> [WHAT NEEDS TO BE DONE] Beginning with the first line below, retype exactly each line through the one containing "Weymouth, Dorset, UK.". Leave out all pictures.

> [COLLECTED DATA]

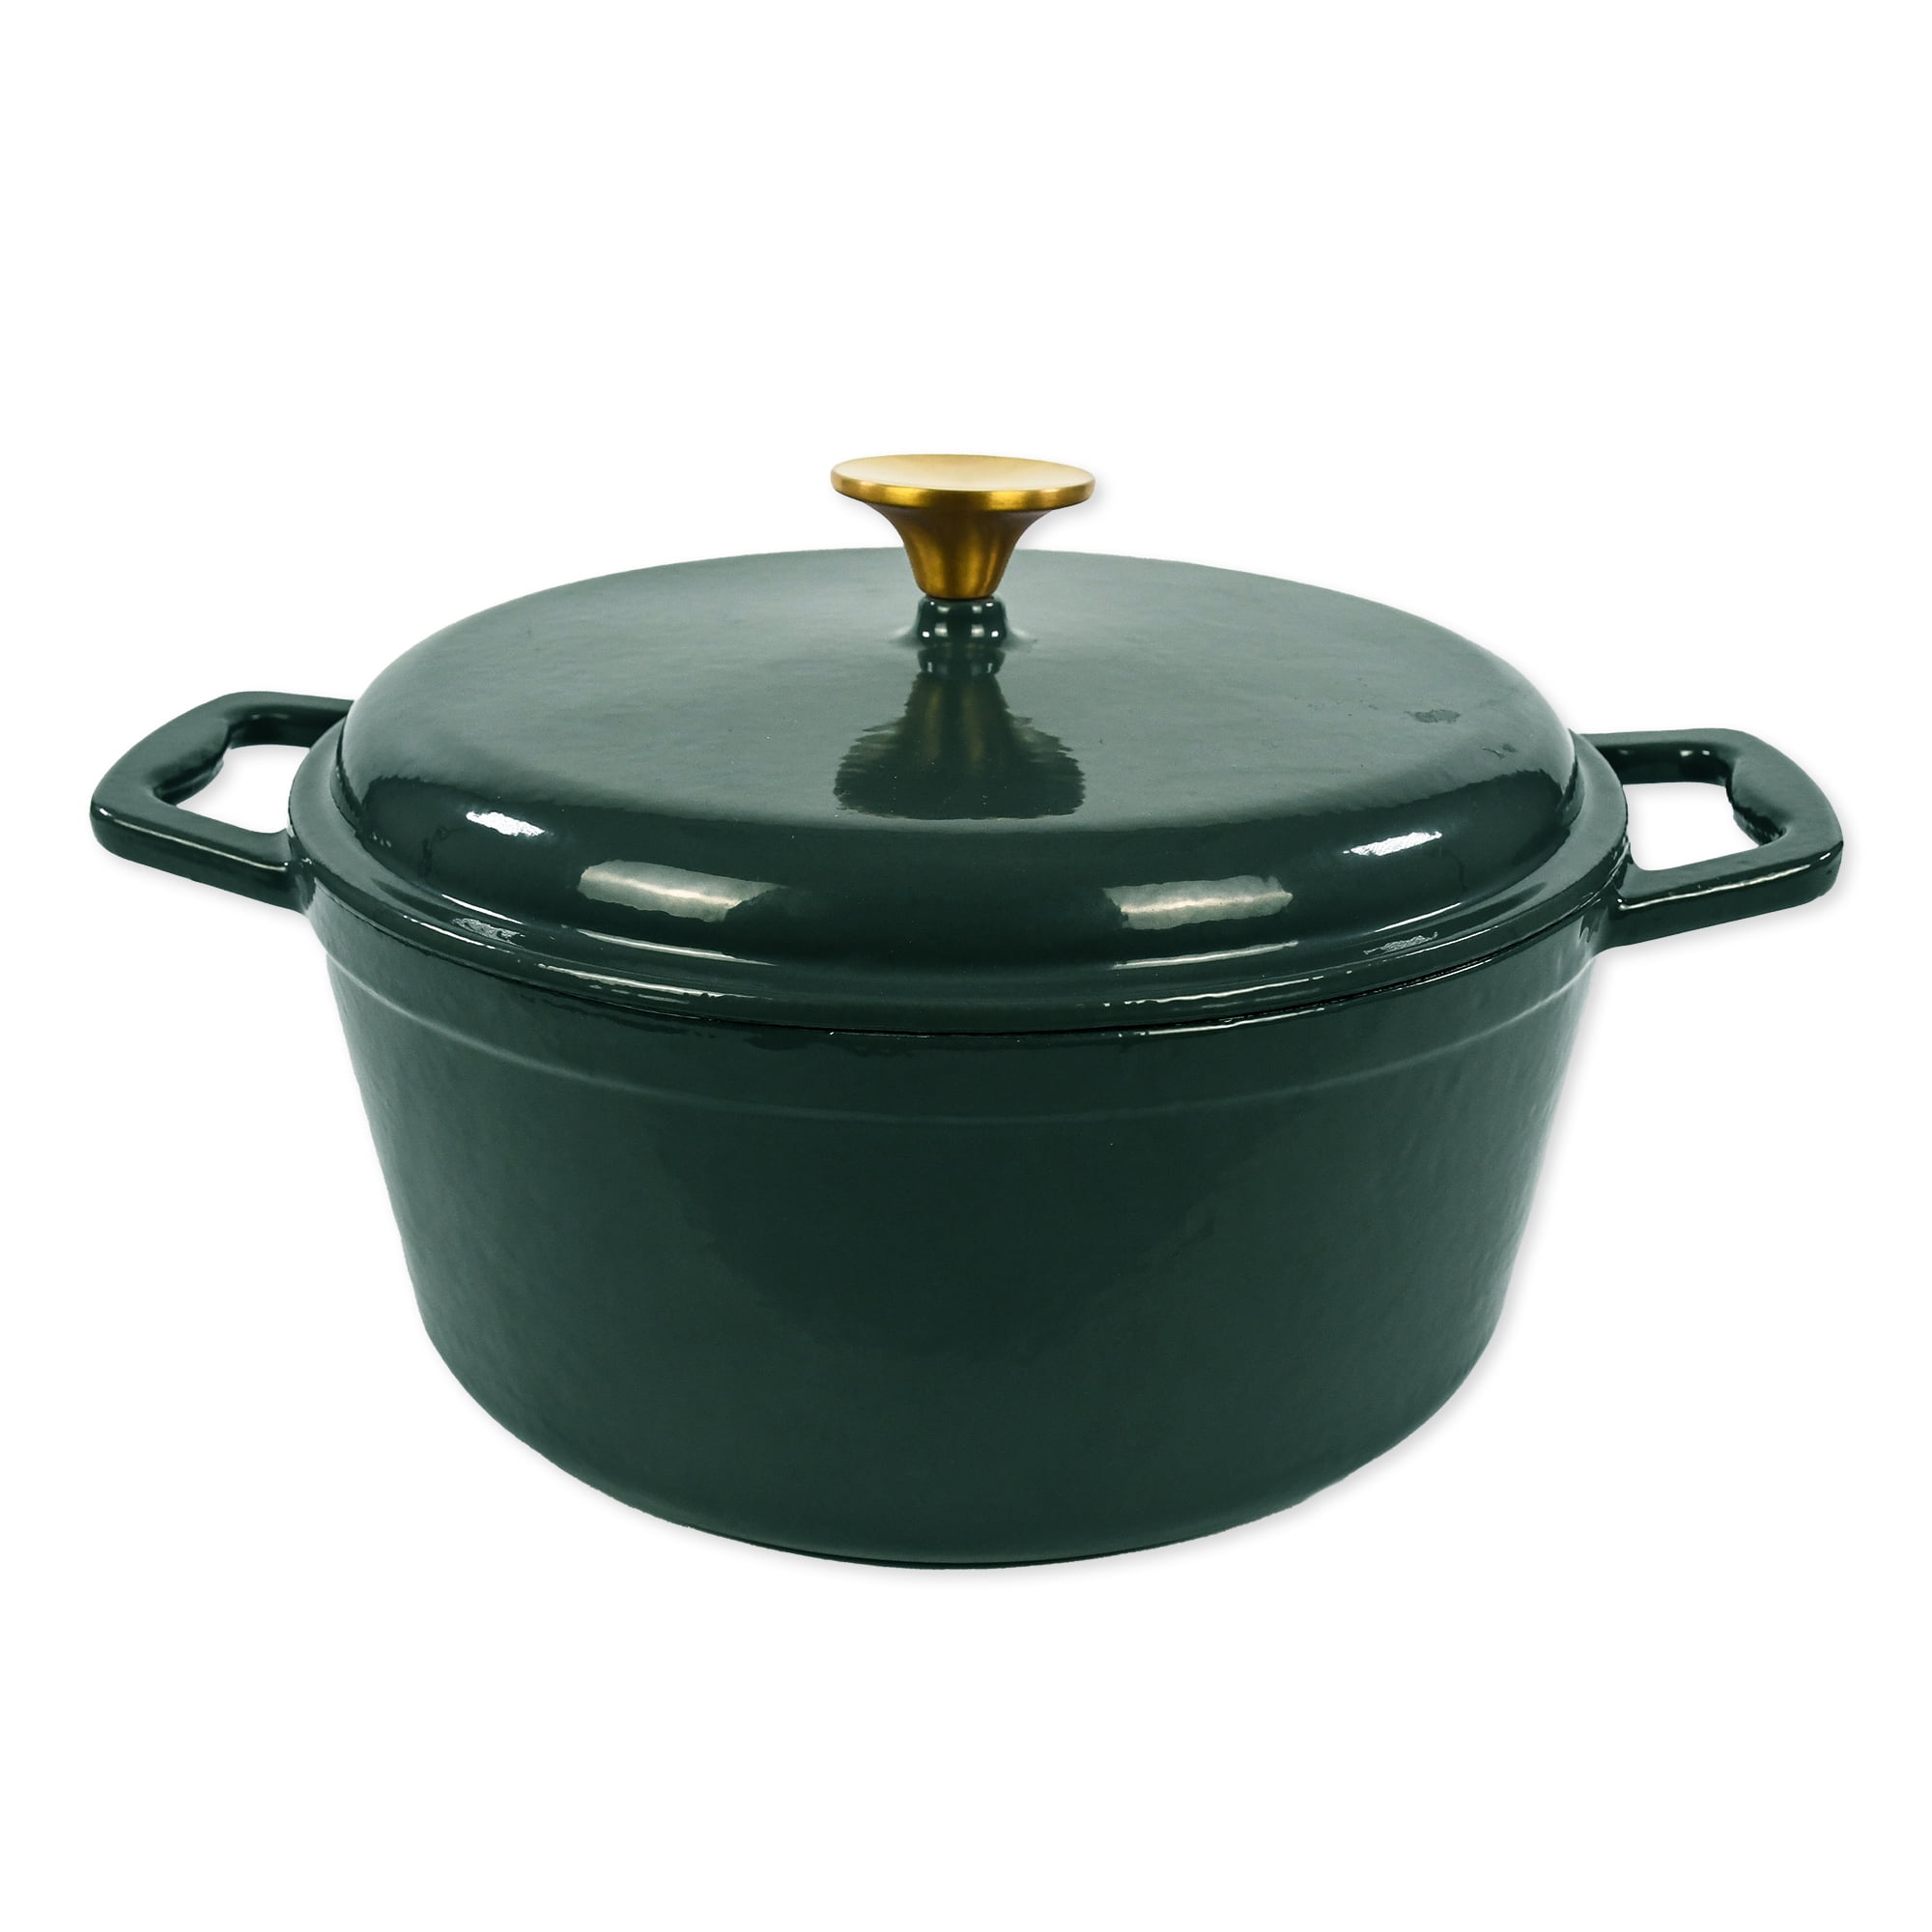 Mainstays Enameled Cast Iron 4.75qt Dutch Oven with Lid, Red 
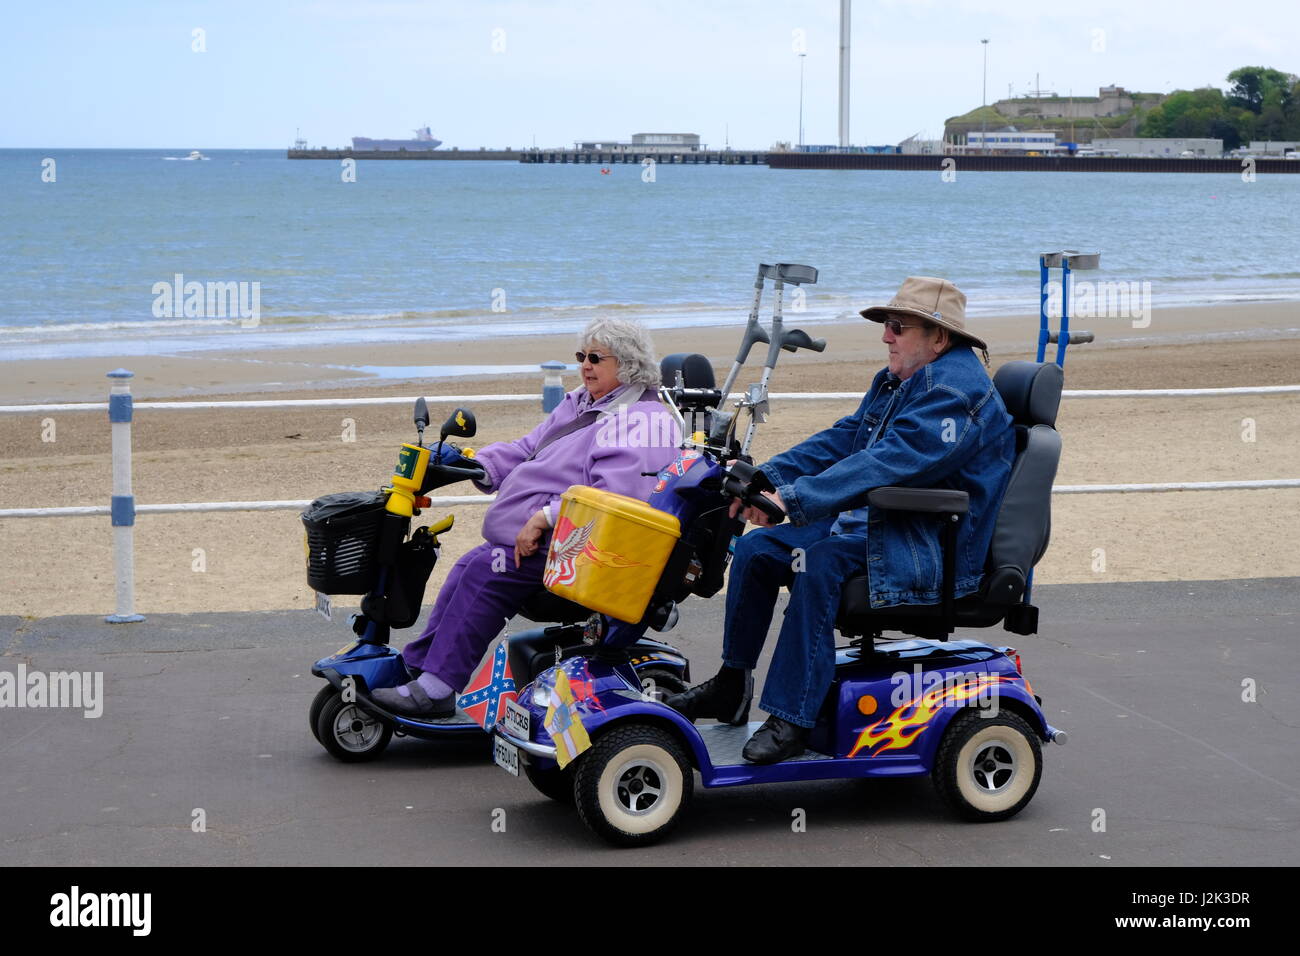 Weymouth, Dorset, UK. 29th Apr, 2017. Visitors wrap up warm and make the best or a cool and breezy day with occasional spells of sunshine at Weymouth as the weather is set to deteriorate tomorrow with rain moving into the area. Credit: Tom Corban/Alamy Live News Stock Photo
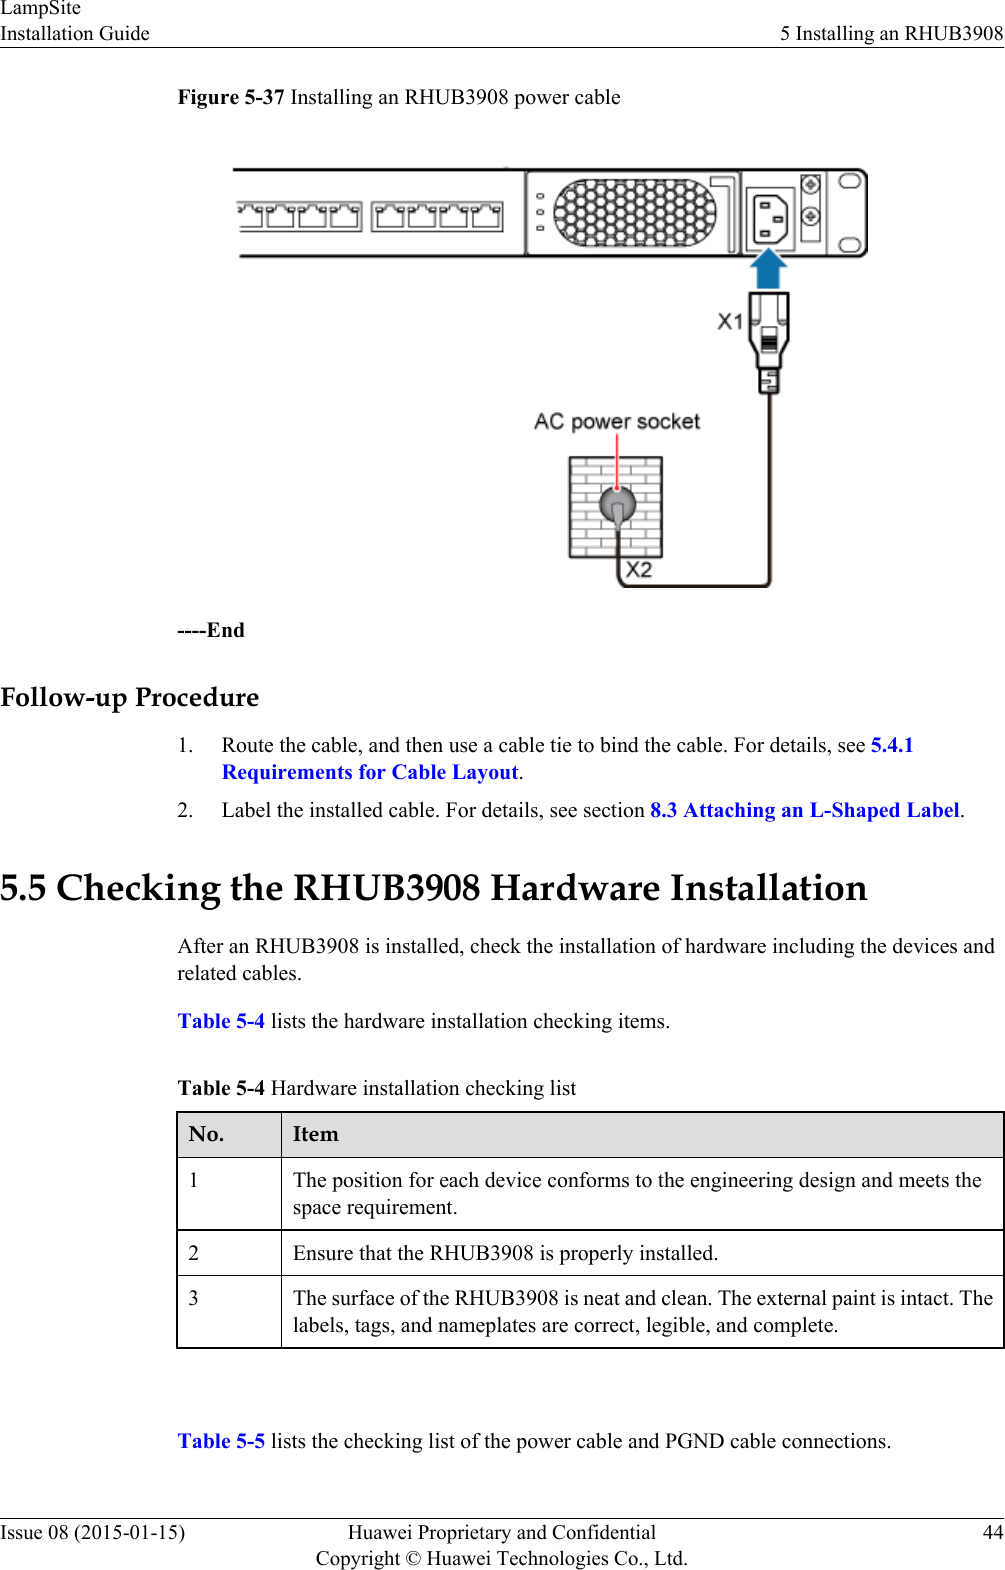 Figure 5-37 Installing an RHUB3908 power cable----EndFollow-up Procedure1. Route the cable, and then use a cable tie to bind the cable. For details, see 5.4.1Requirements for Cable Layout.2. Label the installed cable. For details, see section 8.3 Attaching an L-Shaped Label.5.5 Checking the RHUB3908 Hardware InstallationAfter an RHUB3908 is installed, check the installation of hardware including the devices andrelated cables.Table 5-4 lists the hardware installation checking items.Table 5-4 Hardware installation checking listNo. Item1The position for each device conforms to the engineering design and meets thespace requirement.2 Ensure that the RHUB3908 is properly installed.3 The surface of the RHUB3908 is neat and clean. The external paint is intact. Thelabels, tags, and nameplates are correct, legible, and complete. Table 5-5 lists the checking list of the power cable and PGND cable connections.LampSiteInstallation Guide 5 Installing an RHUB3908Issue 08 (2015-01-15) Huawei Proprietary and ConfidentialCopyright © Huawei Technologies Co., Ltd.44

> [EXERCISE SOLUTION]
 Mainstays Enameled Cast Iron 4.75qt Dutch Oven with Lid, Red 
 Weymouth, Dorset, UK. 29th Apr, 2017. Visitors wrap up warm and make the best or a cool and breezy day with occasional spells of sunshine at Weymouth as the weather is set to deteriorate tomorrow with rain moving into the area. Credit: Tom Corban/Alamy Live News Stock Photo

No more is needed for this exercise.